▸ Goal of the exercise
Please, could you print all the lines below exactly, leaving out the pictures?

▸ Provided material
----------

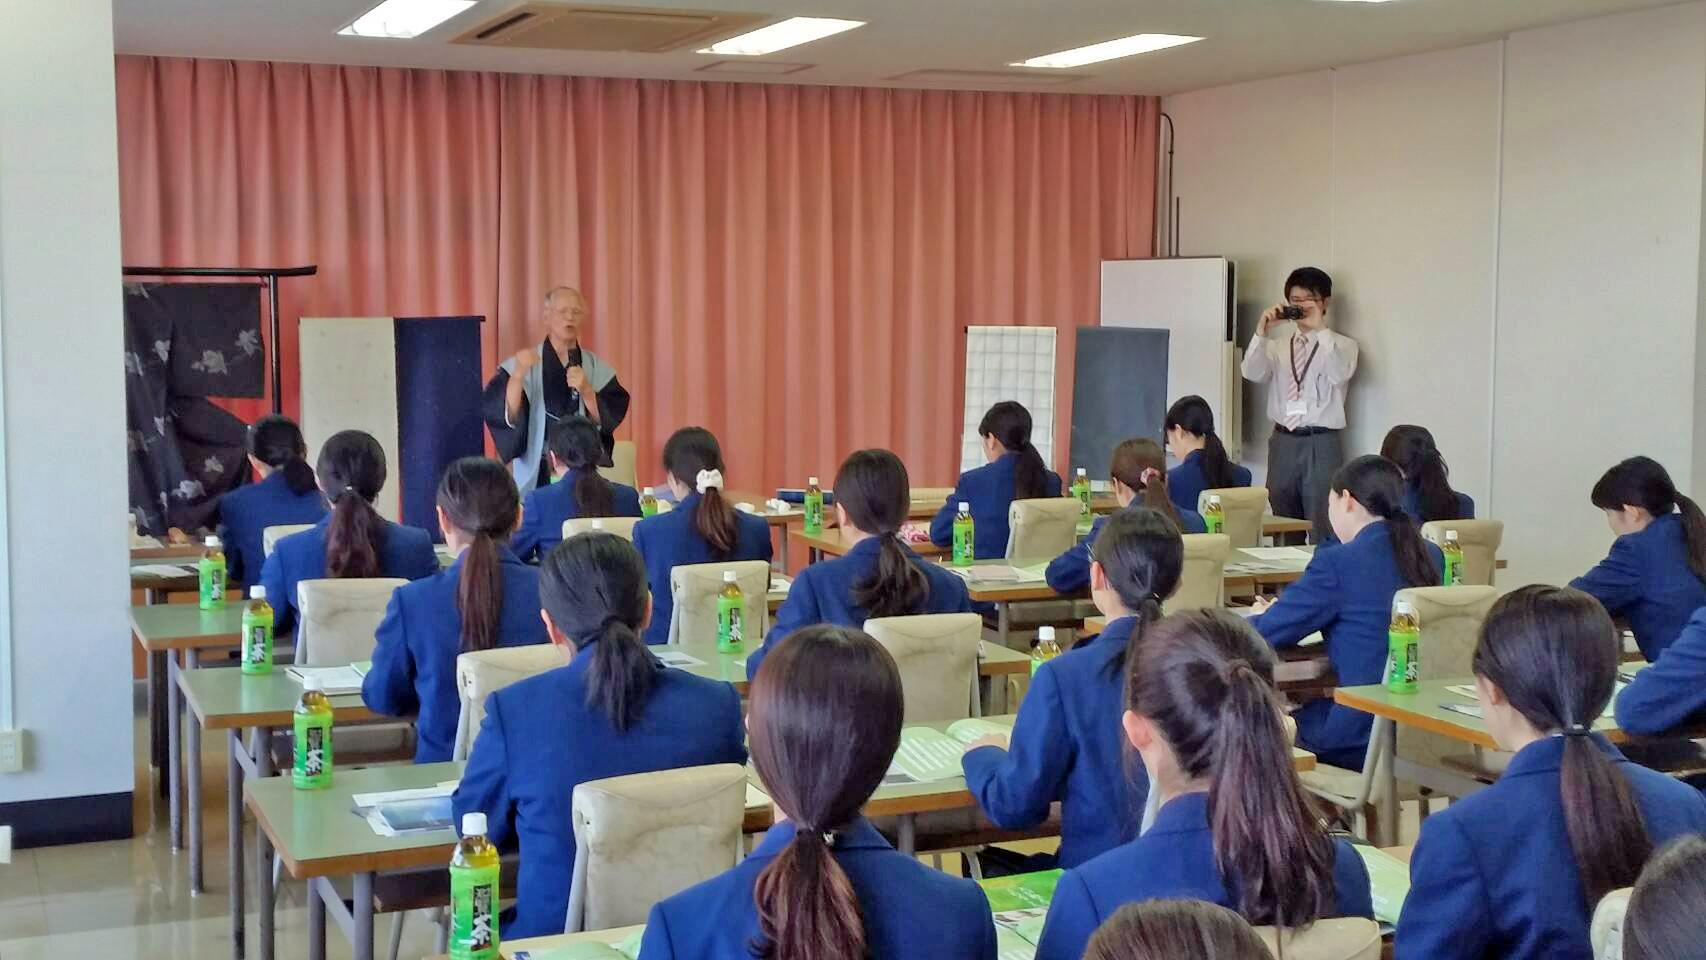 鹿児島純短への工芸士派遣授業/御報告_e0194629_9473548.jpg
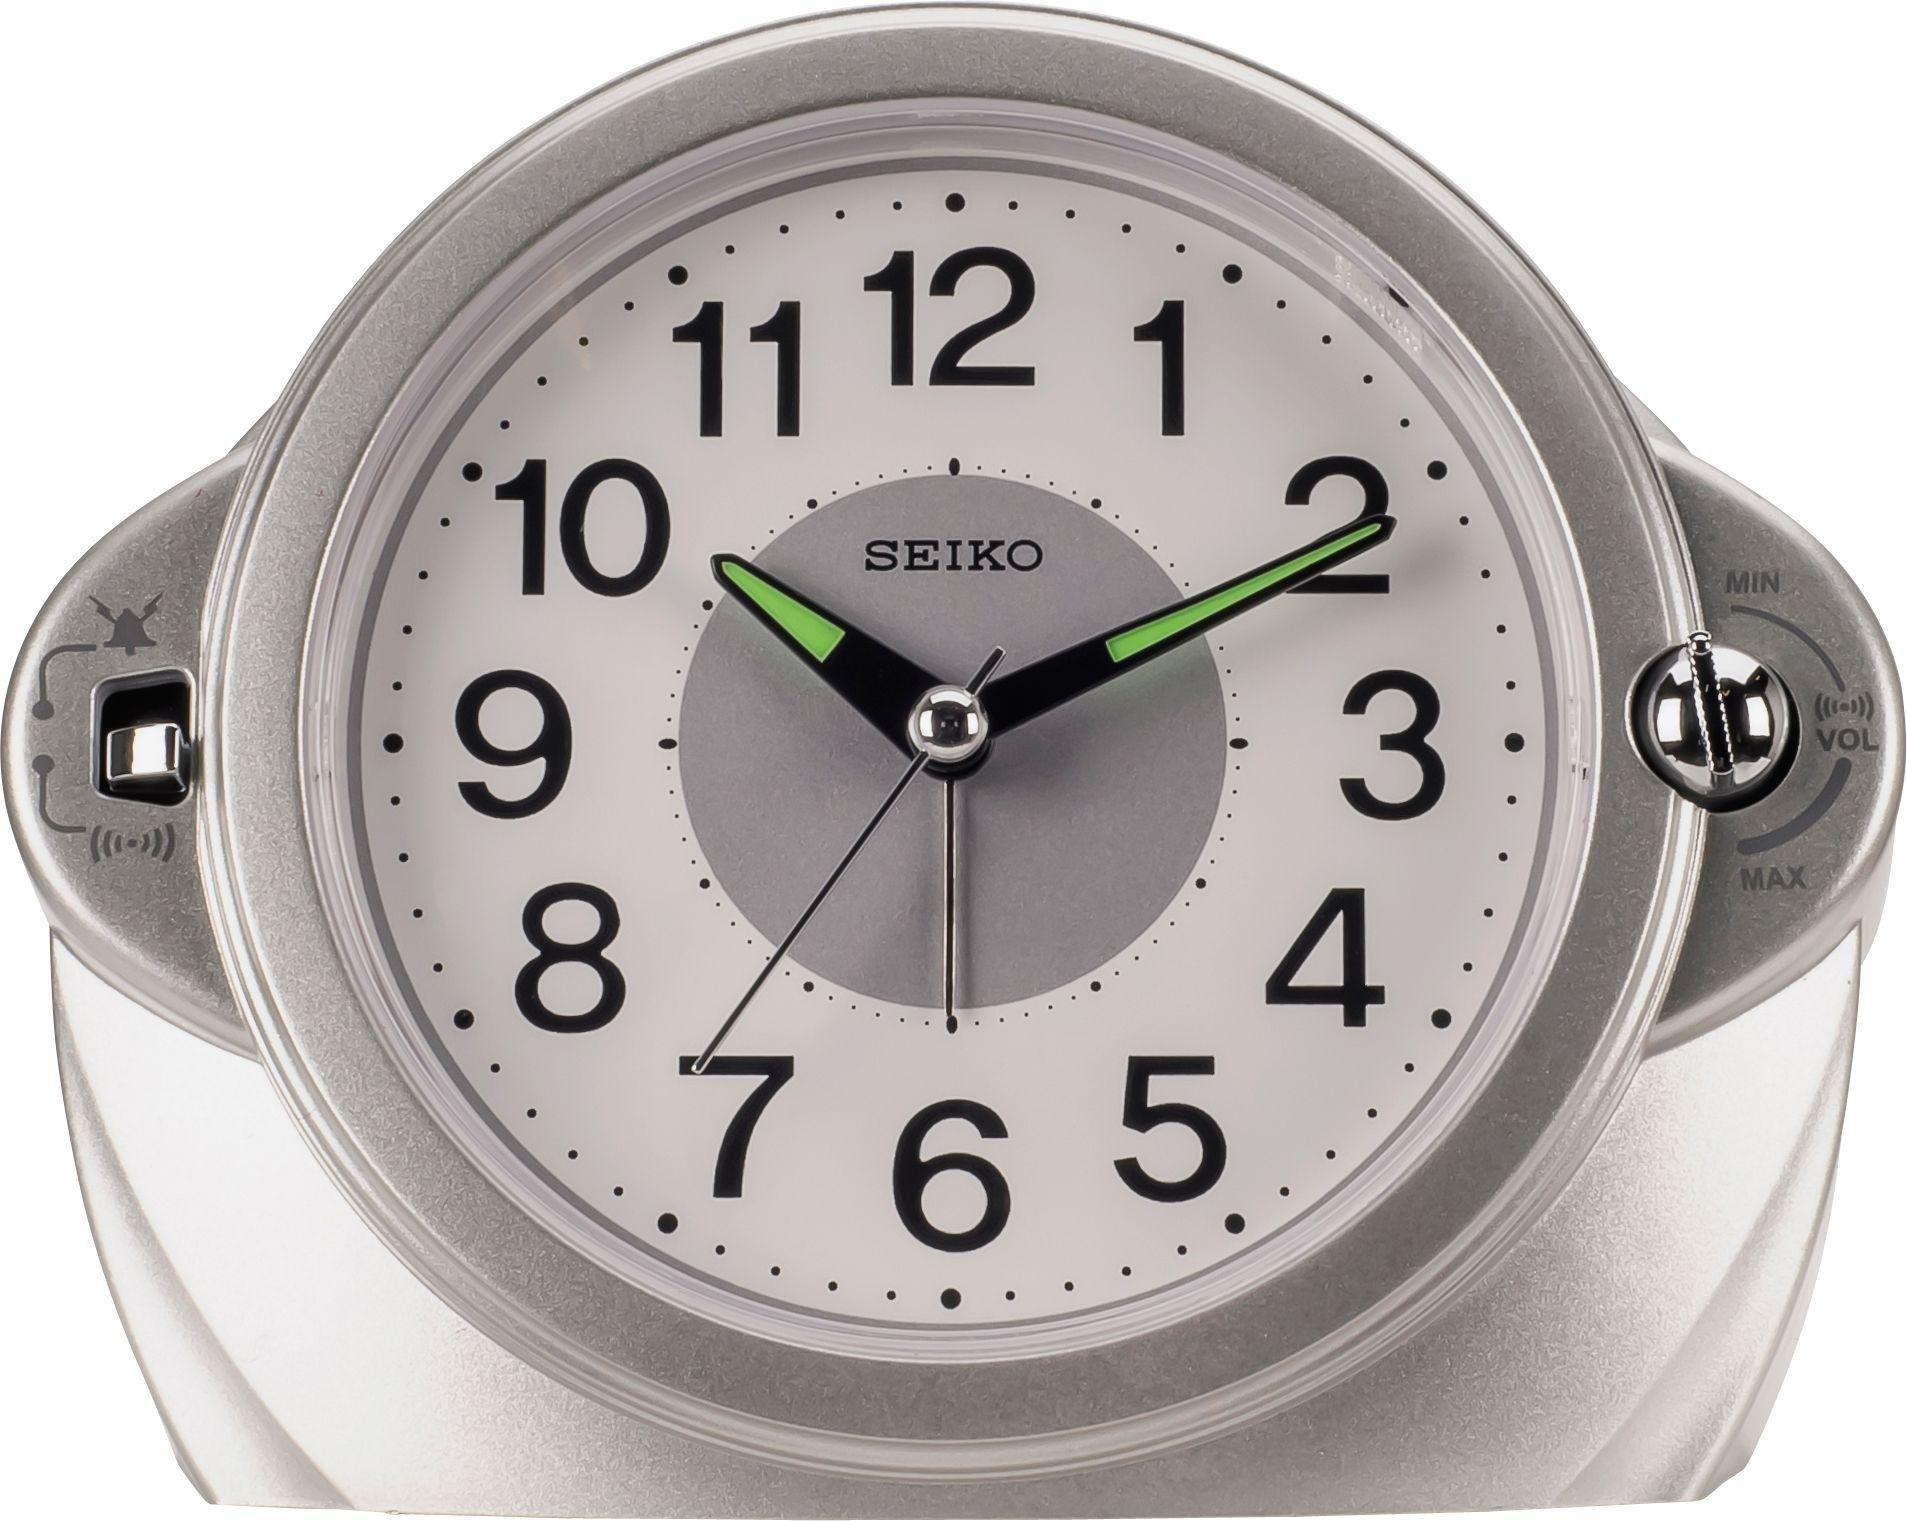 Seiko Volume Control Sweeper Alarm Clock £6.60 @ Argos
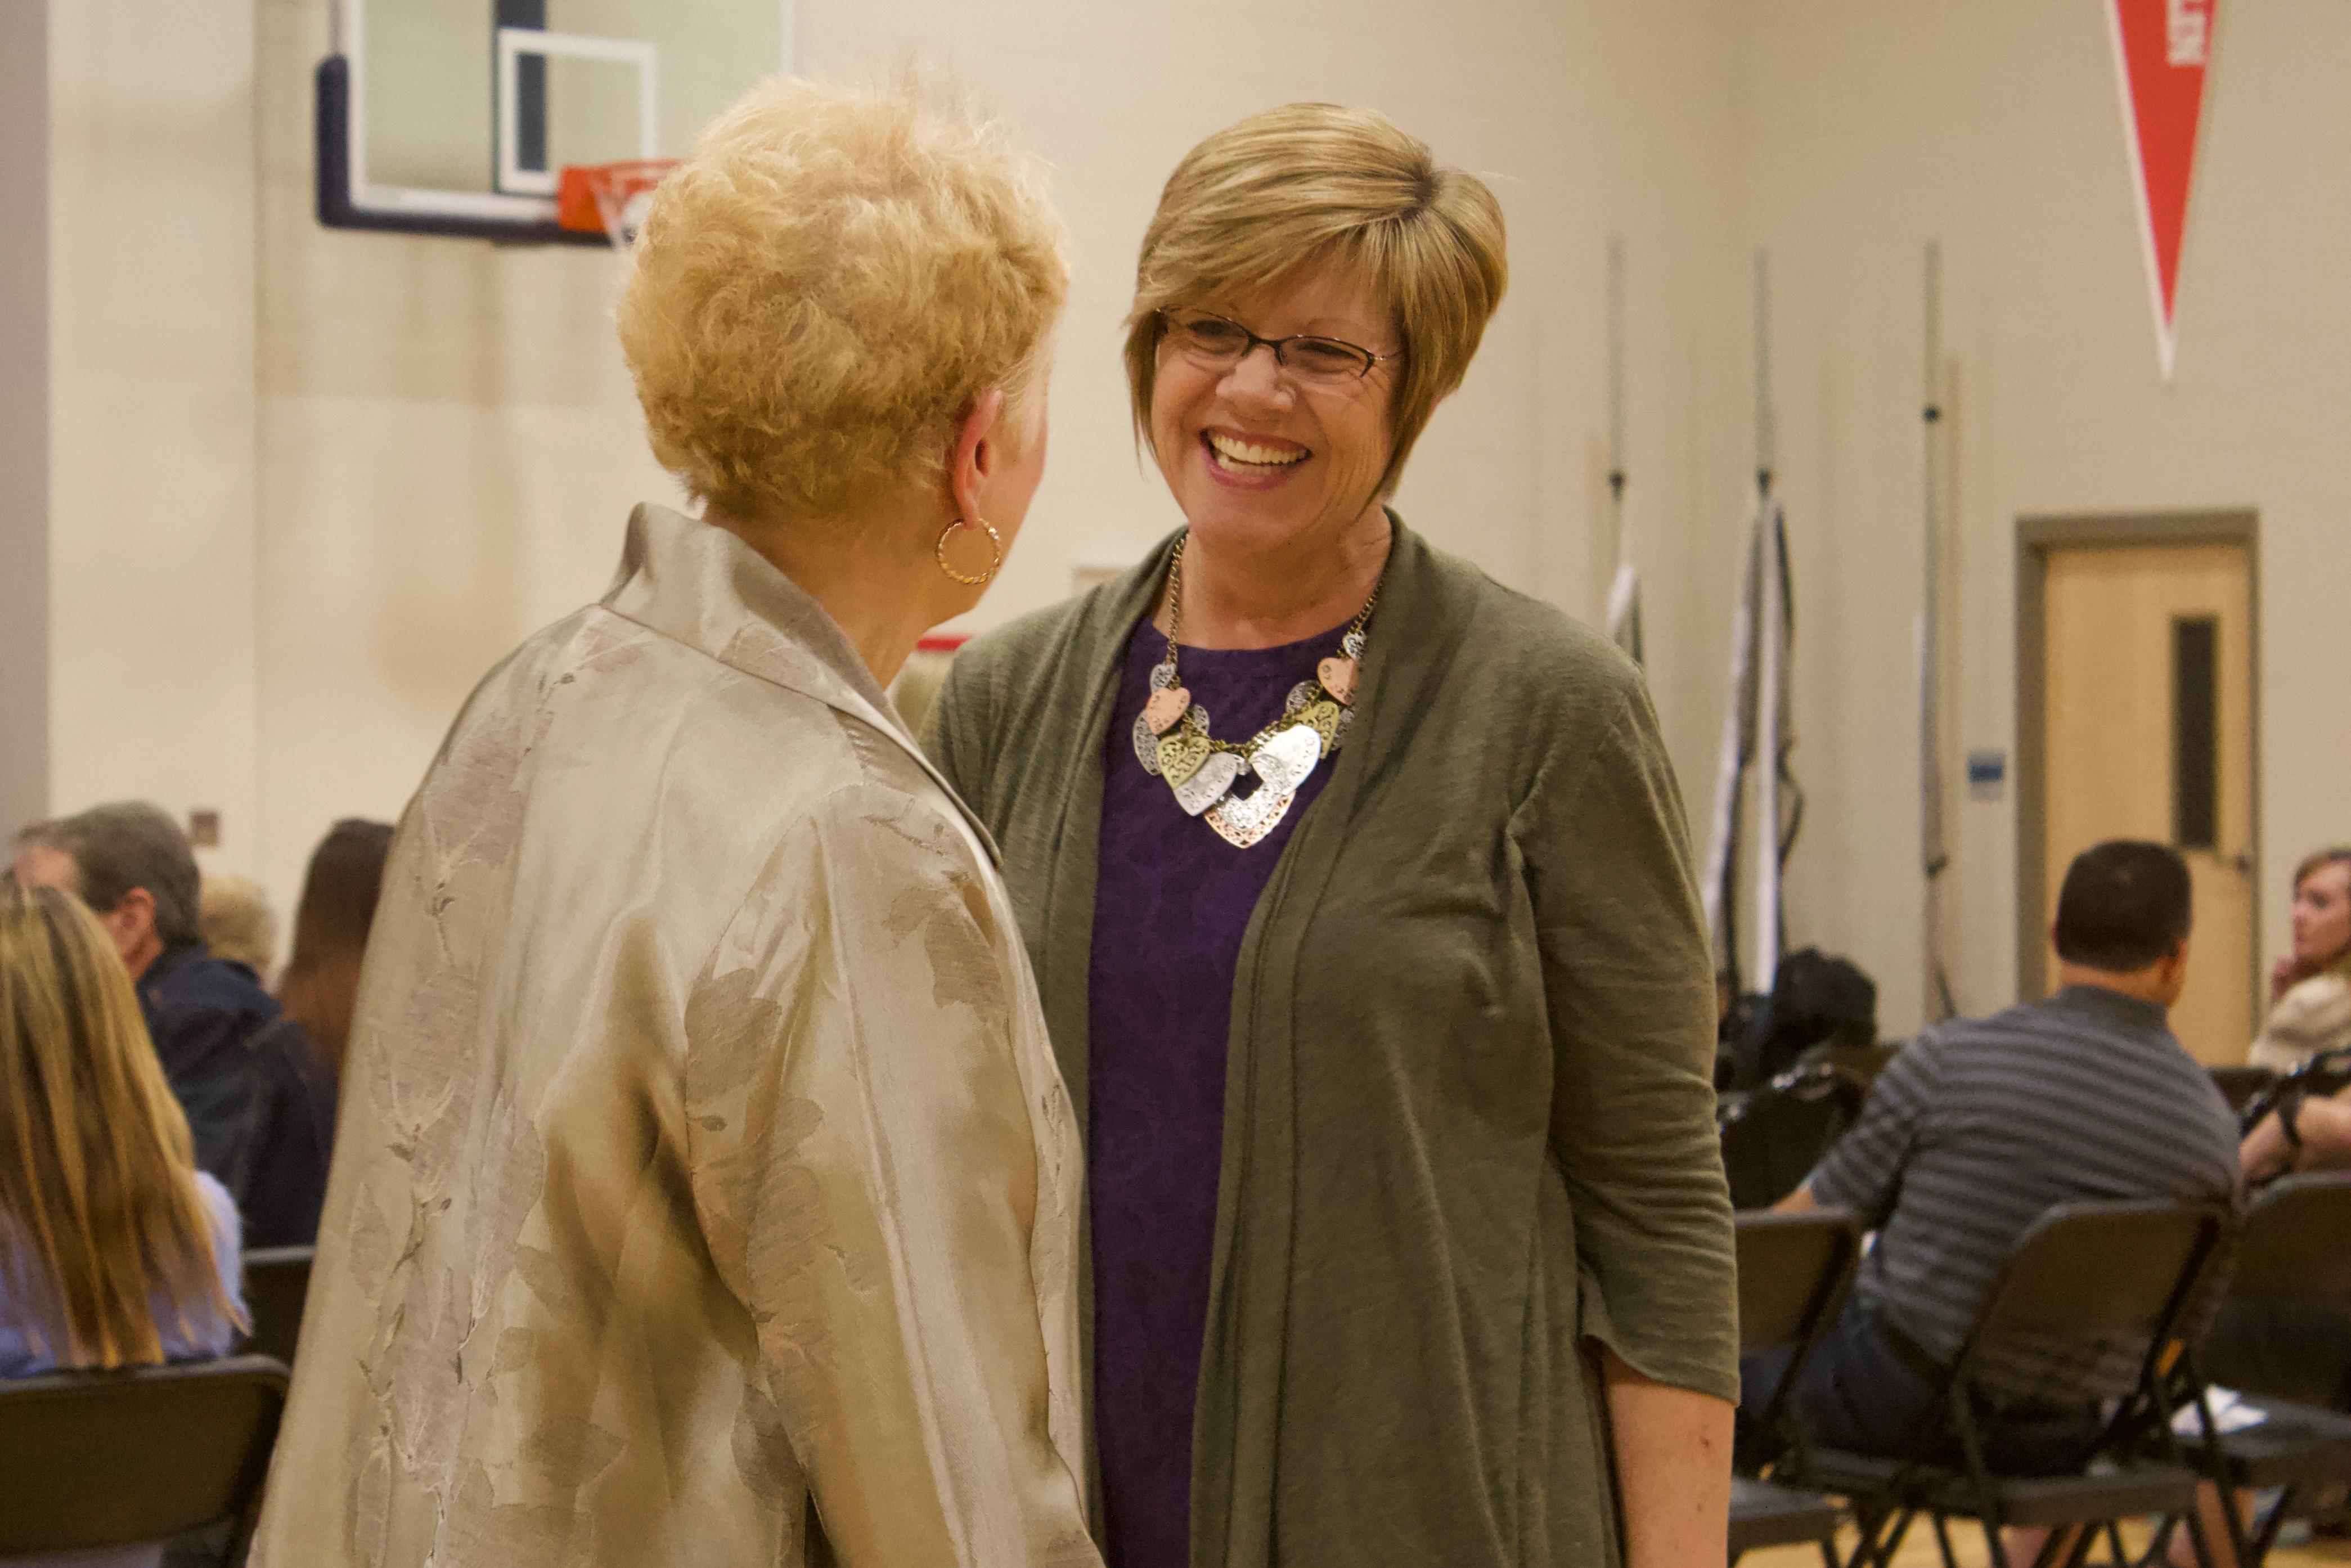 Pam Mazanec, right, greets former state board member Debora Scheffel at a Douglas County school board forum in November 2017. (Photo by Nic Garcia)

----------

▸ Exercise output
 鹿児島純短への工芸士派遣授業/御報告_e0194629_9473548.jpg
 Seiko Volume Control Sweeper Alarm Clock £6.60 @ Argos
 Pam Mazanec, right, greets former state board member Debora Scheffel at a Douglas County school board forum in November 2017. (Photo by Nic Garcia)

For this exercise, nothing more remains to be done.